Début avril, l’université catholique
américaine Notre Dame -une des plus réputées du pays- a organisé durant trois jours une rencontre multidisciplinaire intitulée « Changement climatique et bien commun ». Les 16
départements et instituts du campus de Notre-Dame se sont mobilisé autour de ce projet qui a donné la parole à de nombreux intervenants différents dont Dan Misleh, directeur de la Catholic Coalition on Climate Change et V. Ramanathan, professeur de climatologie et co-auteur d’un rapport publié par l’Académie pontificale des
Sciences à propos de la diminution des glaciers de montagne à travers le monde.

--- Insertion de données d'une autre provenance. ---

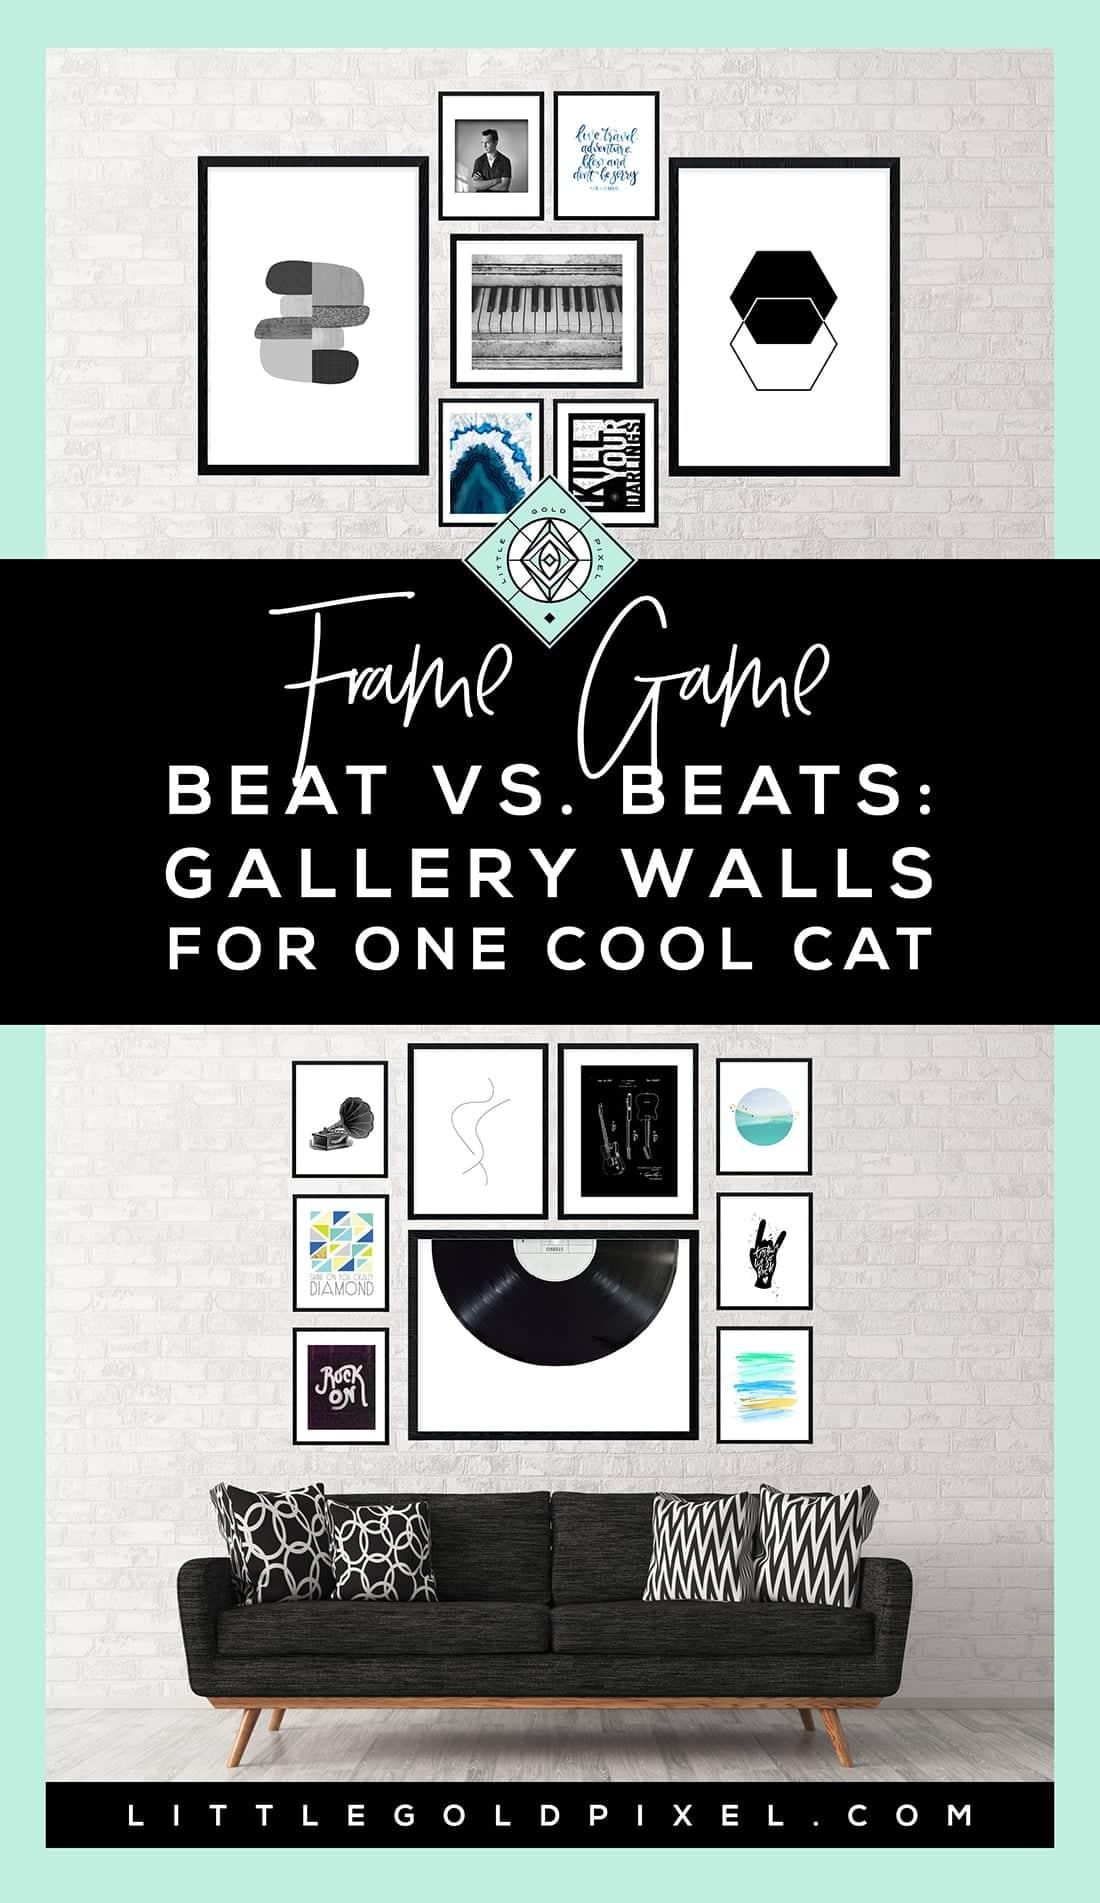 Vintage Frame Game u Hip Rocker Gallery Walls for One Cool Cat u Frame Game is an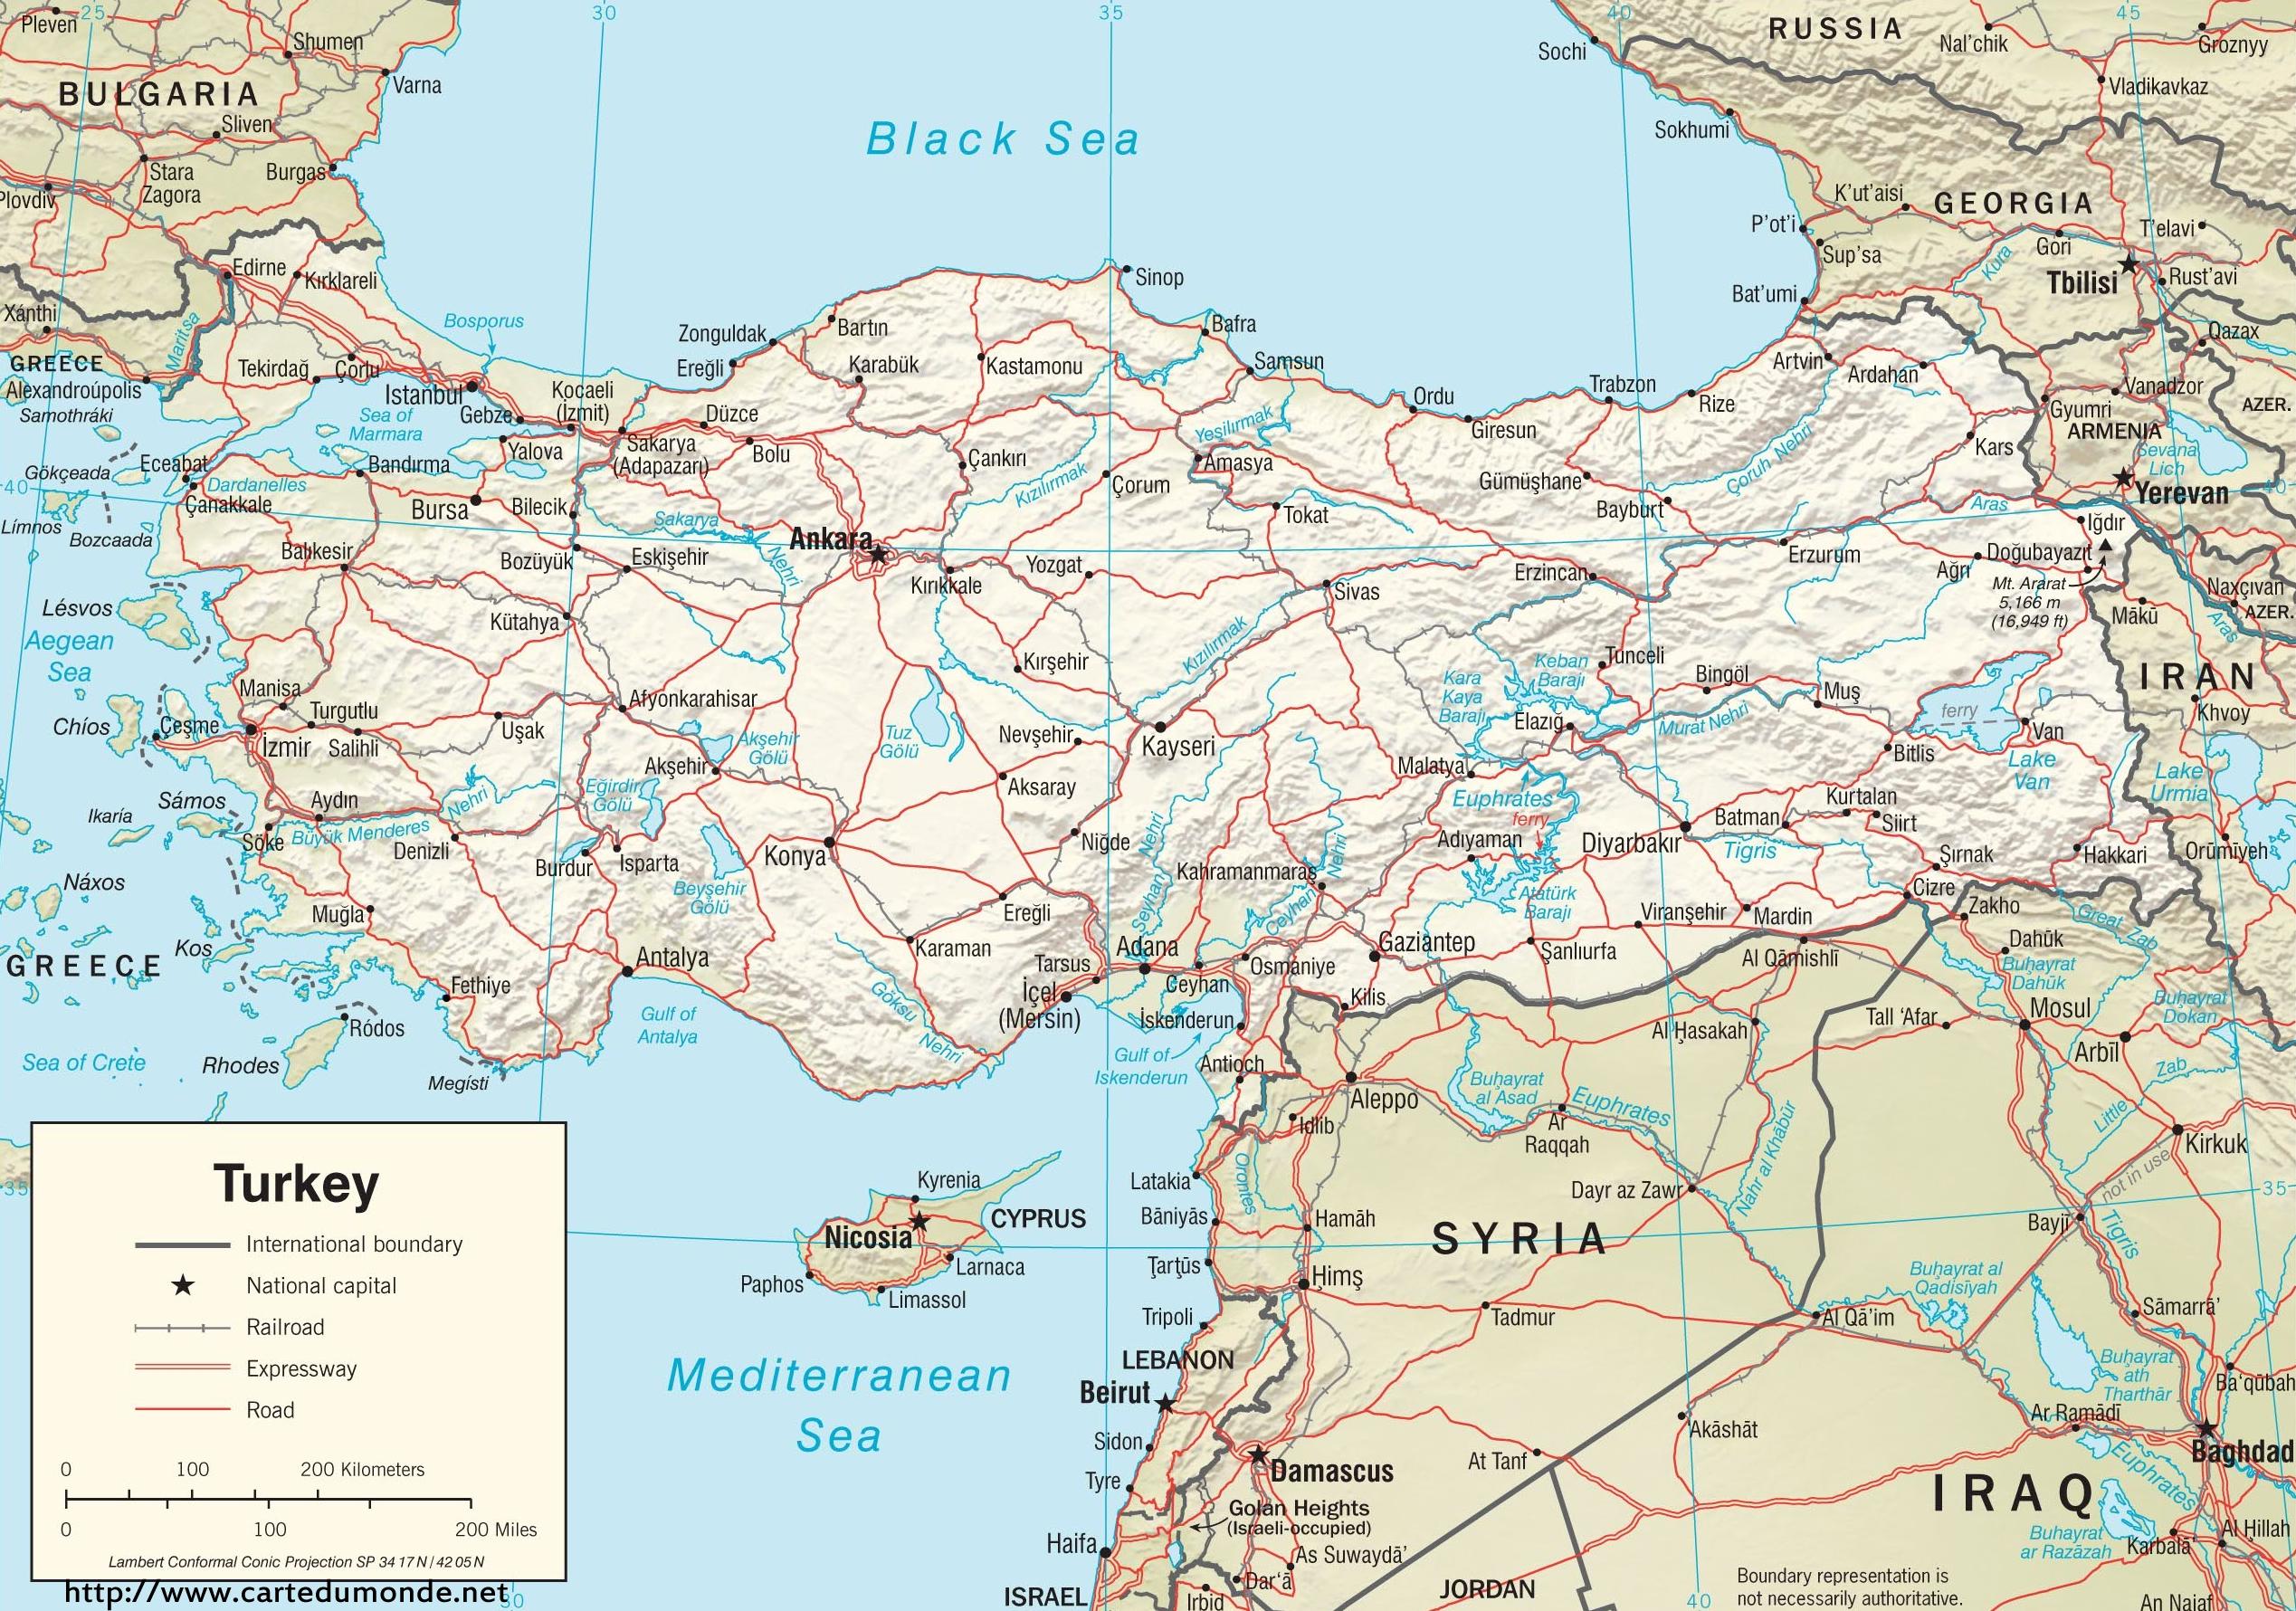 Karte Türkei.Karte Türkei Karte Auf Land Türkei

L’université a ainsi désiré organiser un espace de parole ouvert, avec des
scientifiques de renom, de manière à poser toute la complexité de cette thématique singulièrement absente des médias américains.
Le deuxième jour de la rencontre, c’est l’aspect éthique des impacts sociaux de ces changements qui a été évalué, notamment via l’intervention de Celia Deane-Dromund, que nous avons déjà présenté sur E&E, qui a évoqué la doctrine sociale catholique et son regard sur le respect de la Création. « Ce n’est pas un sujet qui devrait intéresser uniquement quelques ‘eco-warriors’ ou des personnes directement liées aux questions environnementales. Il concerne désormais le sens du devoir et de la responsabilité de tout chrétien. En d’autres mots, nous sommes bien là au cœur de l’Evangile. » Et de rappeler que la domination dont il est question dans la Bible est d’abord une invitation à un gardiennage juste de ce que Dieu nous confie et que c’est justement là le chemin spirituel chrétien. Quant à Stephen Gardiner, philosophe de l’université de Washington, il voit dans le changement climatique un carrefour de quatre tempêtes, globale, intergénérationnelle, écologique et théorique, créant ensemble une énorme tempête morale.